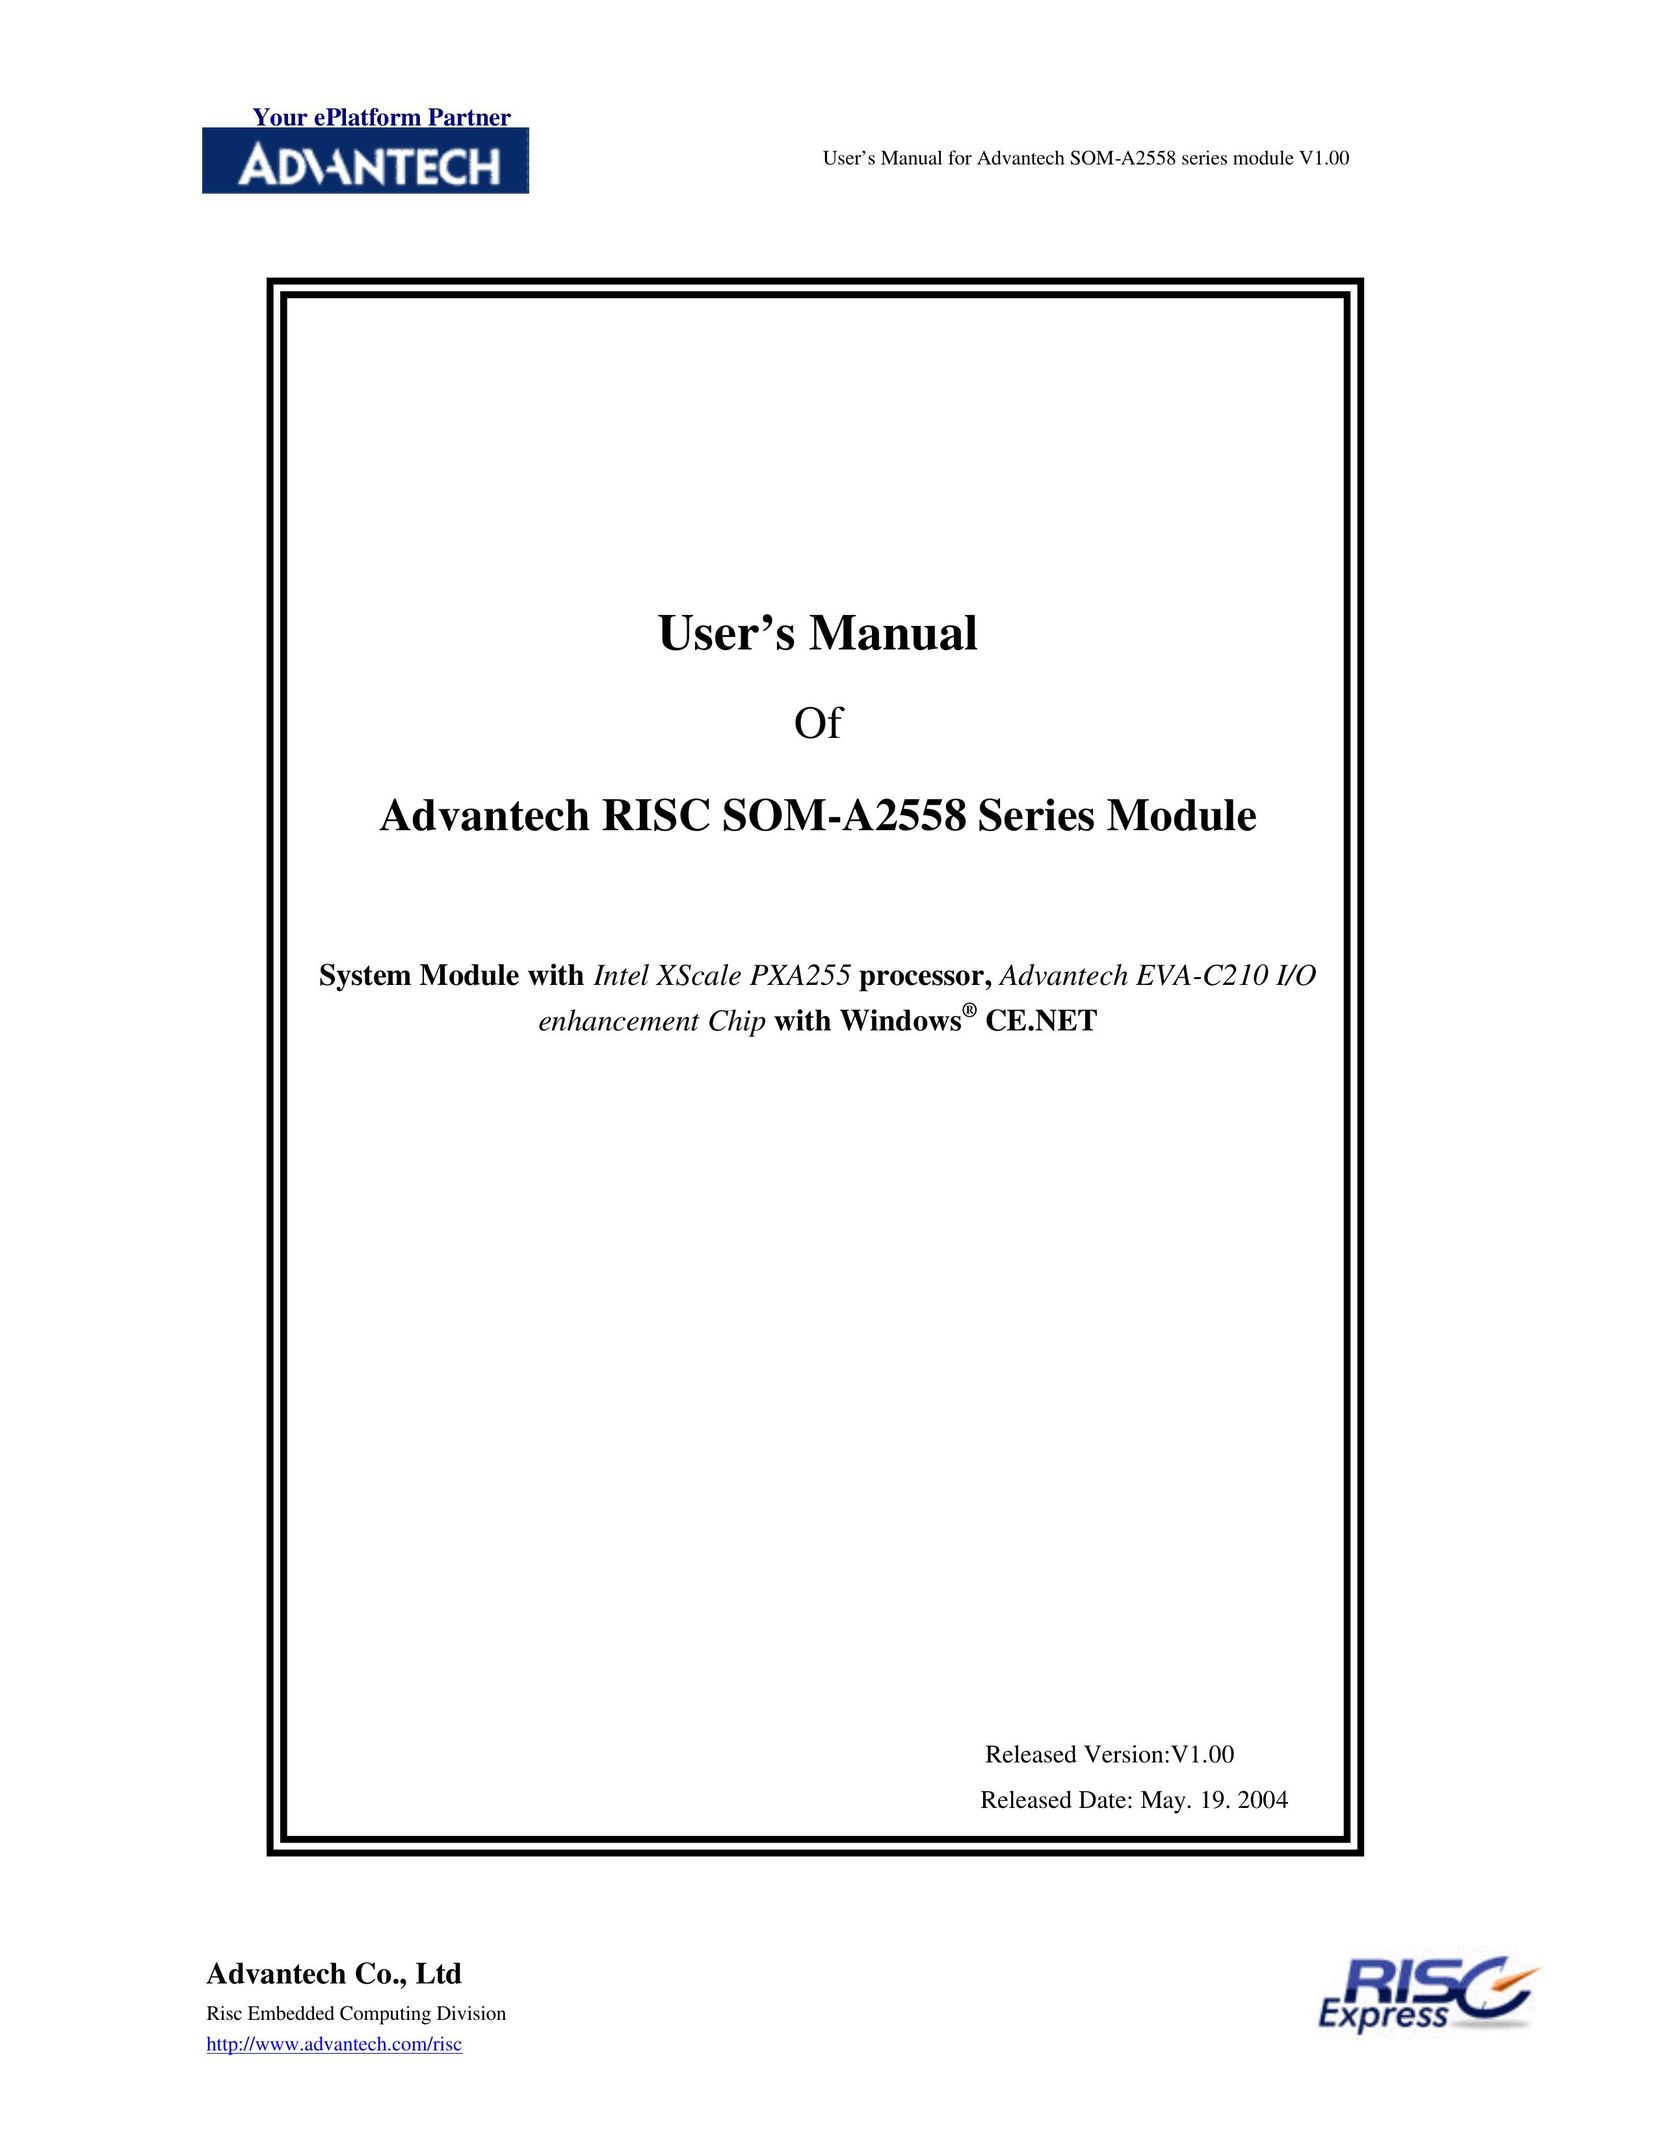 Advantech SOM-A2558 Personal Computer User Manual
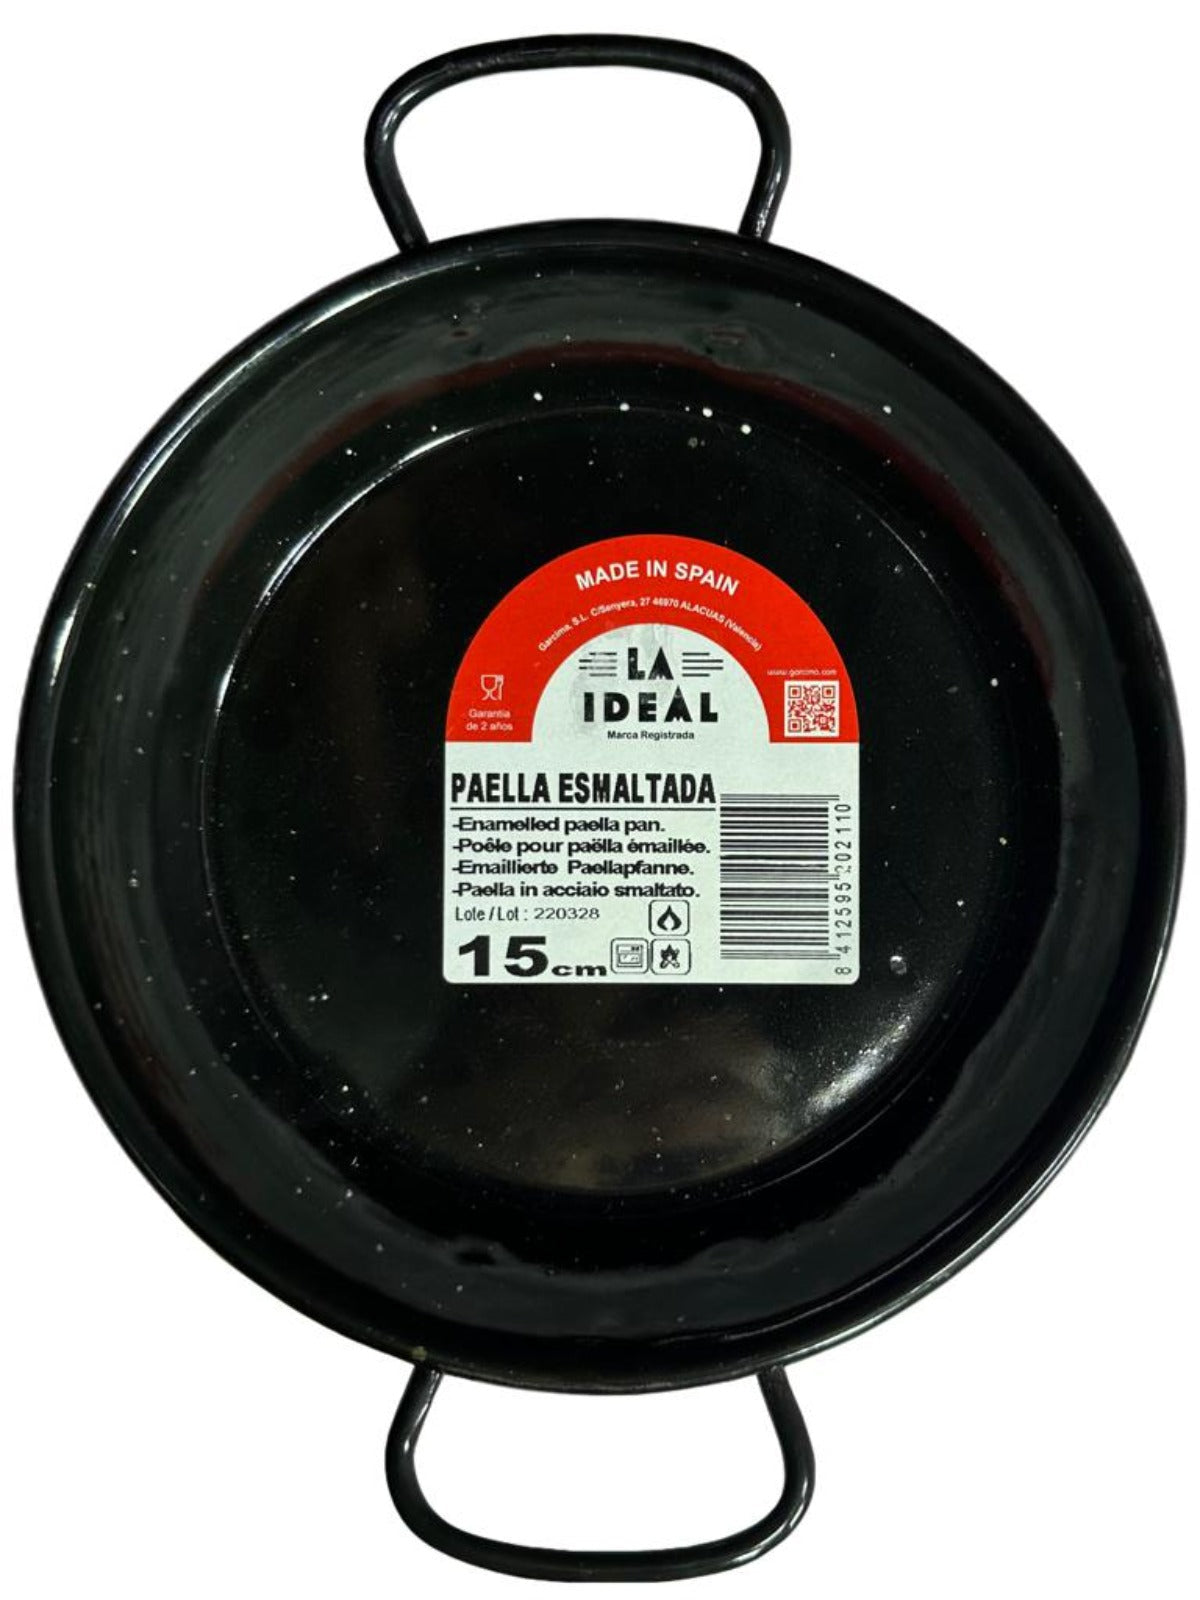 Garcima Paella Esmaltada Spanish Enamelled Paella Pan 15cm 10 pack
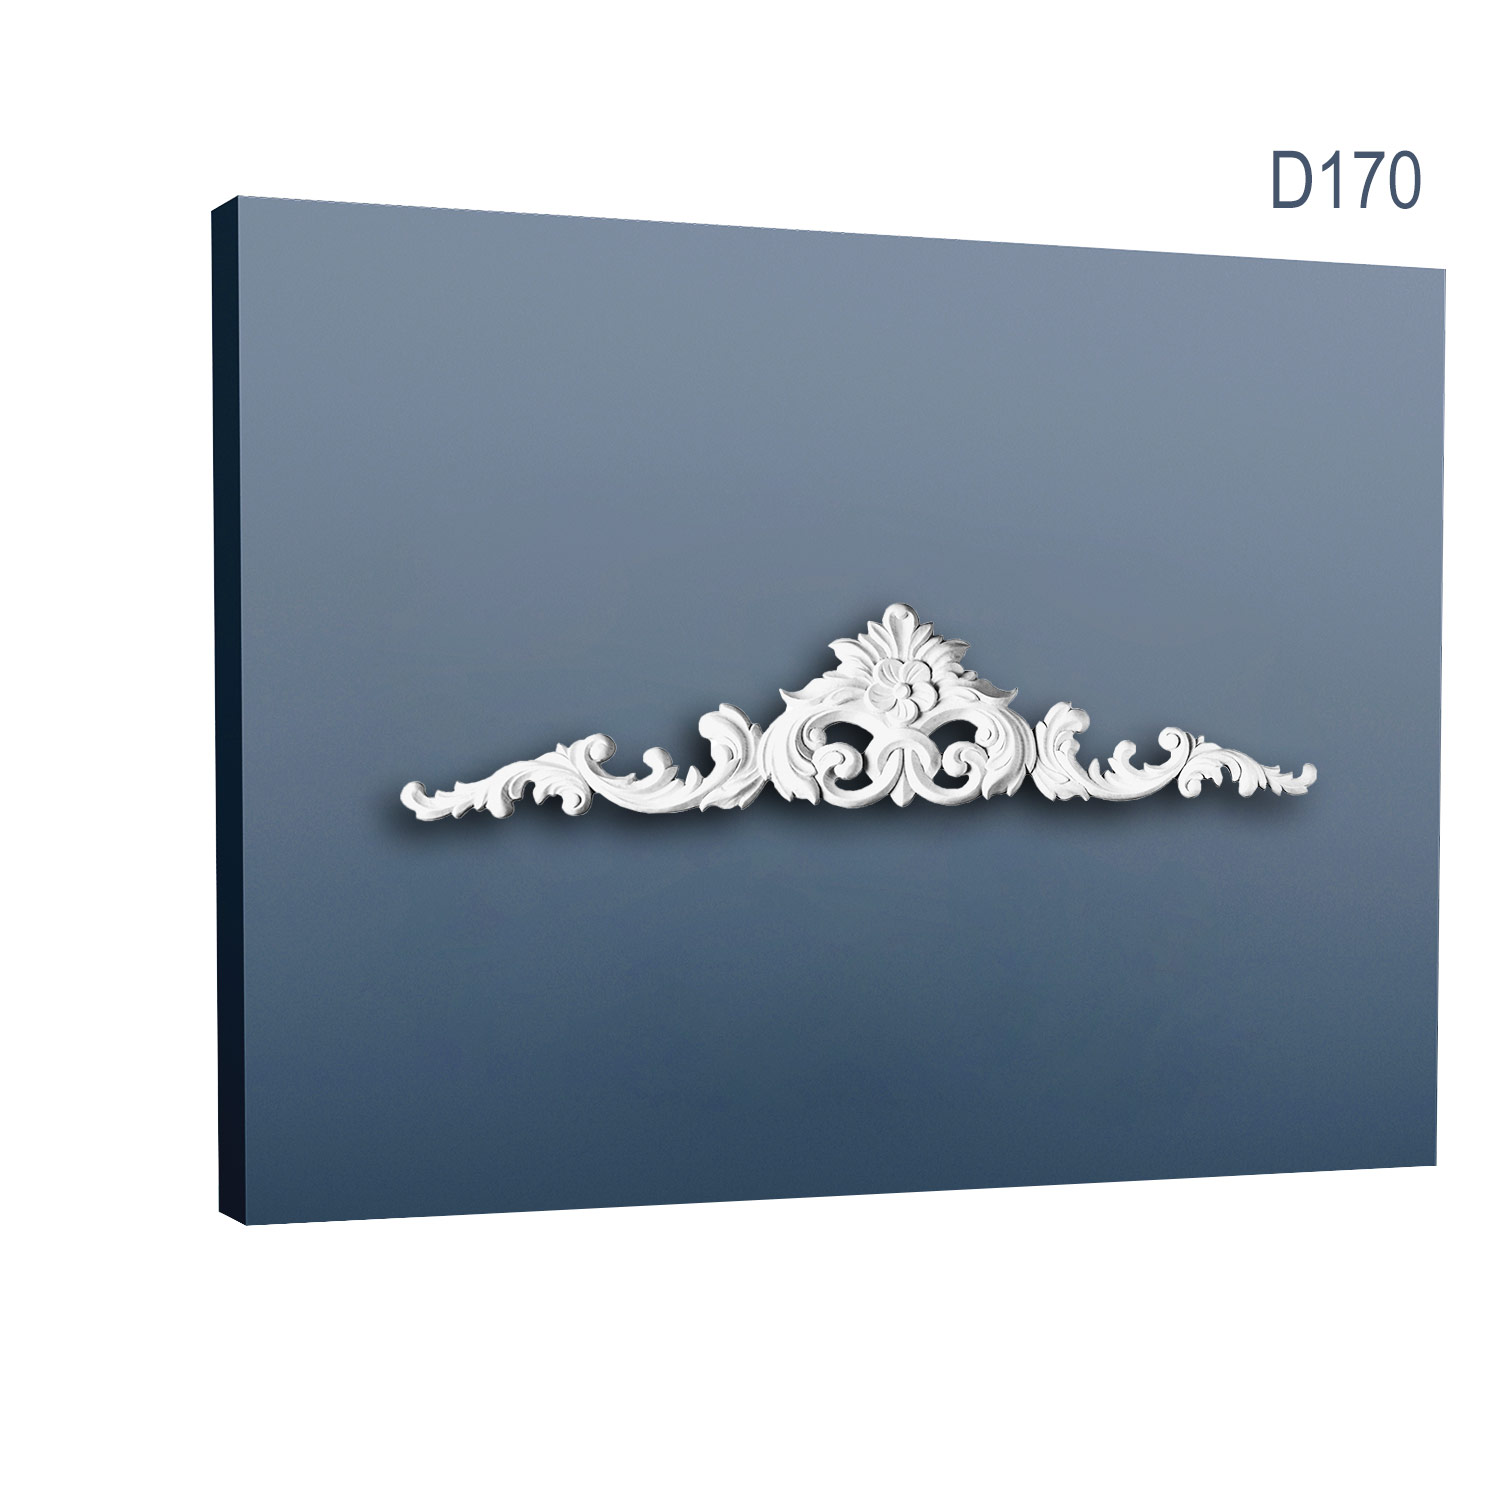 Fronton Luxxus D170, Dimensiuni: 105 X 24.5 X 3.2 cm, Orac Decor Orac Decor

* _Exercise objective_
Would you print the material exactly once more, without any of its pictures?

* _Final answer_
 Advantech SOM-A2558 Personal Computer User Manual
 Garcima Paella Esmaltada Spanish Enamelled Paella Pan 15cm 10 pack
 Fronton Luxxus D170, Dimensiuni: 105 X 24.5 X 3.2 cm, Orac Decor Orac Decor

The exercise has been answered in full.